§ TASK TO COMPLETE
Copy everything in the listing below word for word, apart from any images.

§ DATA
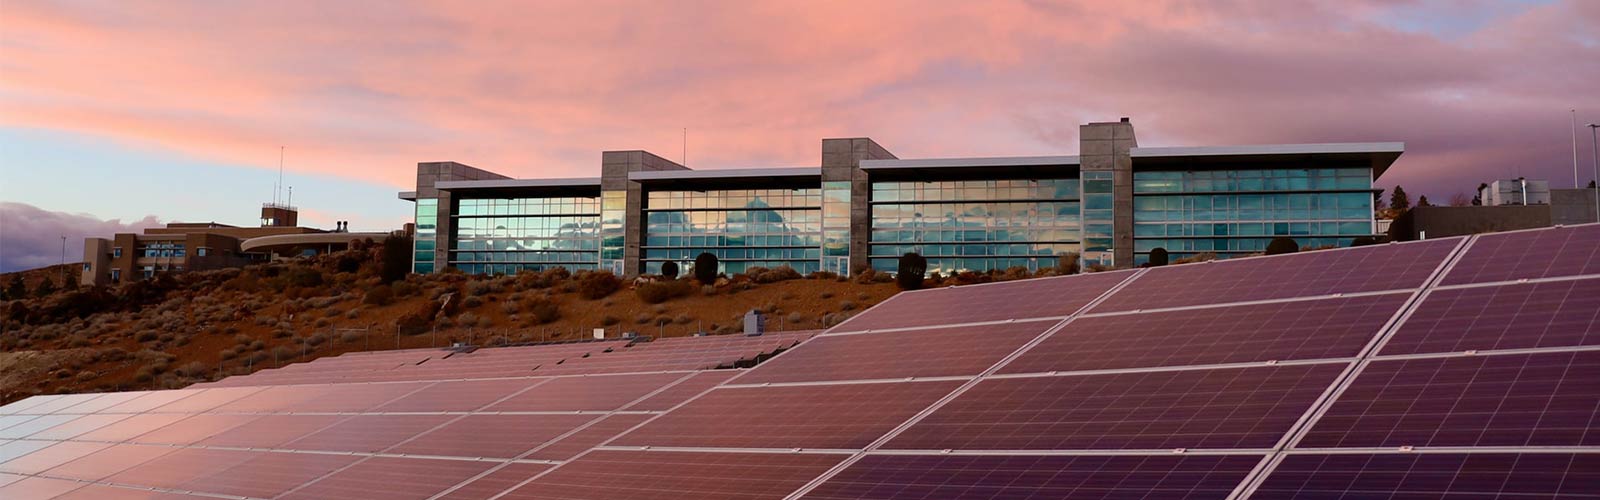 Solar panels in front of campus buildings with a pink sky.
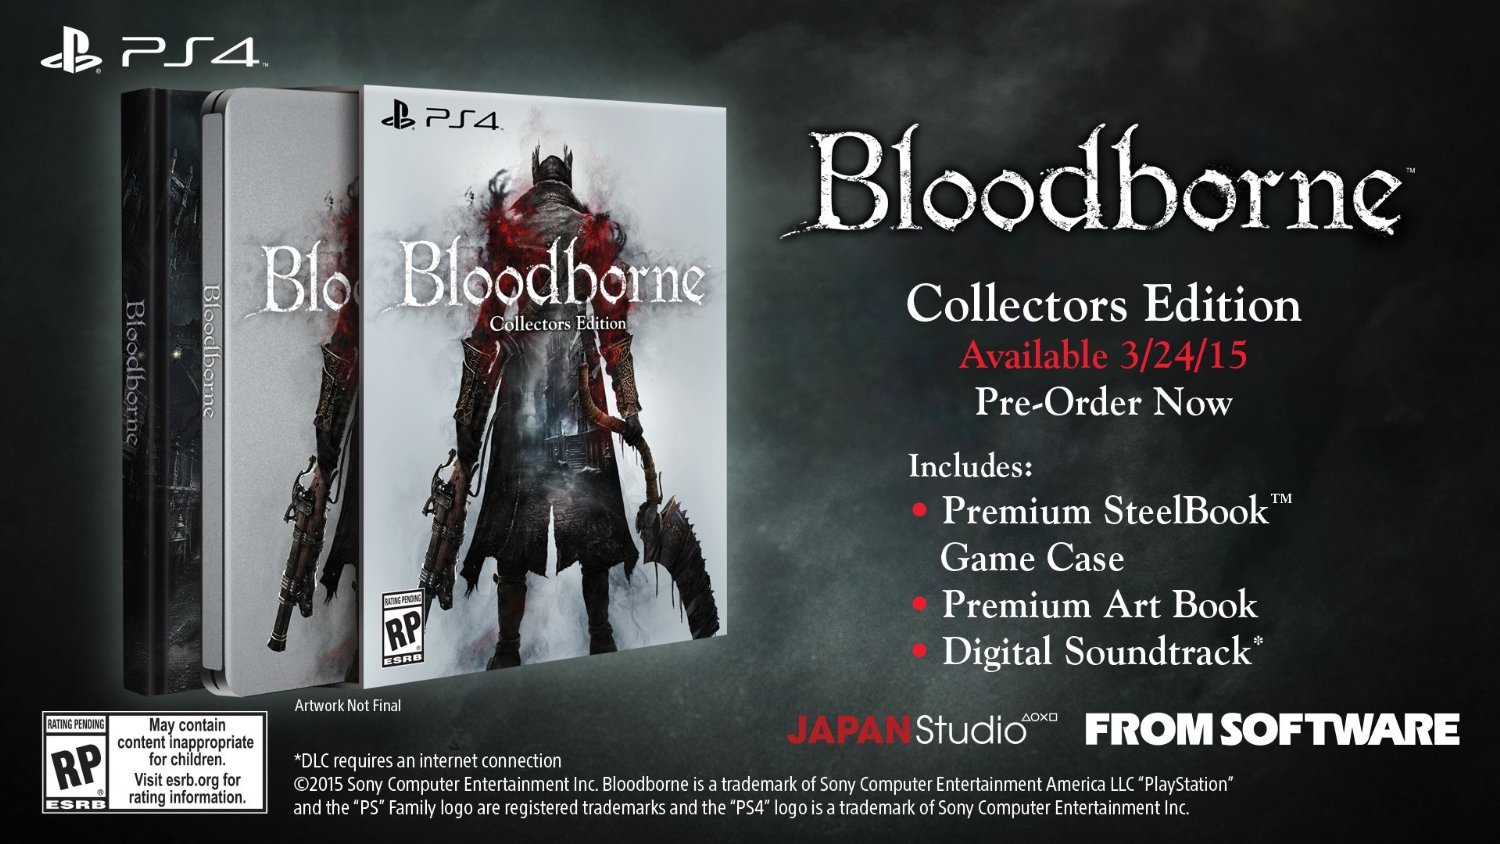 VtM - BLOODLINES 2 Collector's Edition Available for Pre-Order Now
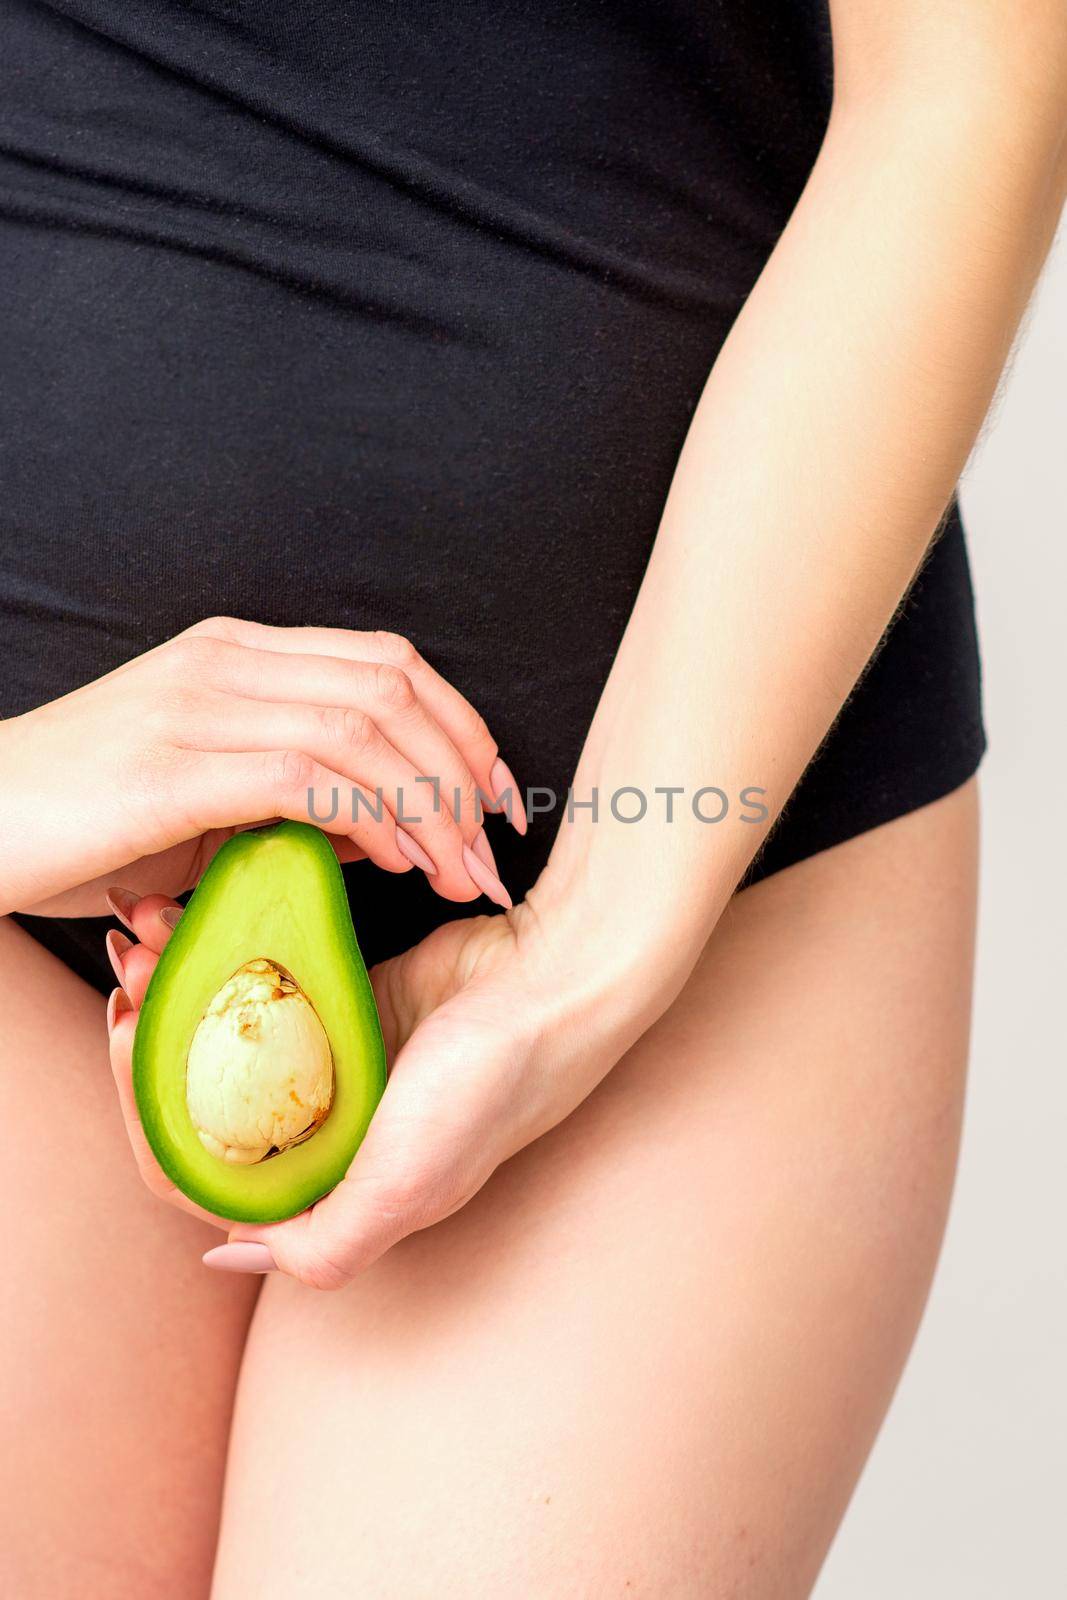 Healthy nutrition and pregnancy concept. Young woman holding one half of an avocado fruit close to her belly over a white background. by okskukuruza

§ OUTPUT
 Solar panels in front of campus buildings with a pink sky.
 VtM - BLOODLINES 2 Collector's Edition Available for Pre-Order Now
 Healthy nutrition and pregnancy concept. Young woman holding one half of an avocado fruit close to her belly over a white background. by okskukuruza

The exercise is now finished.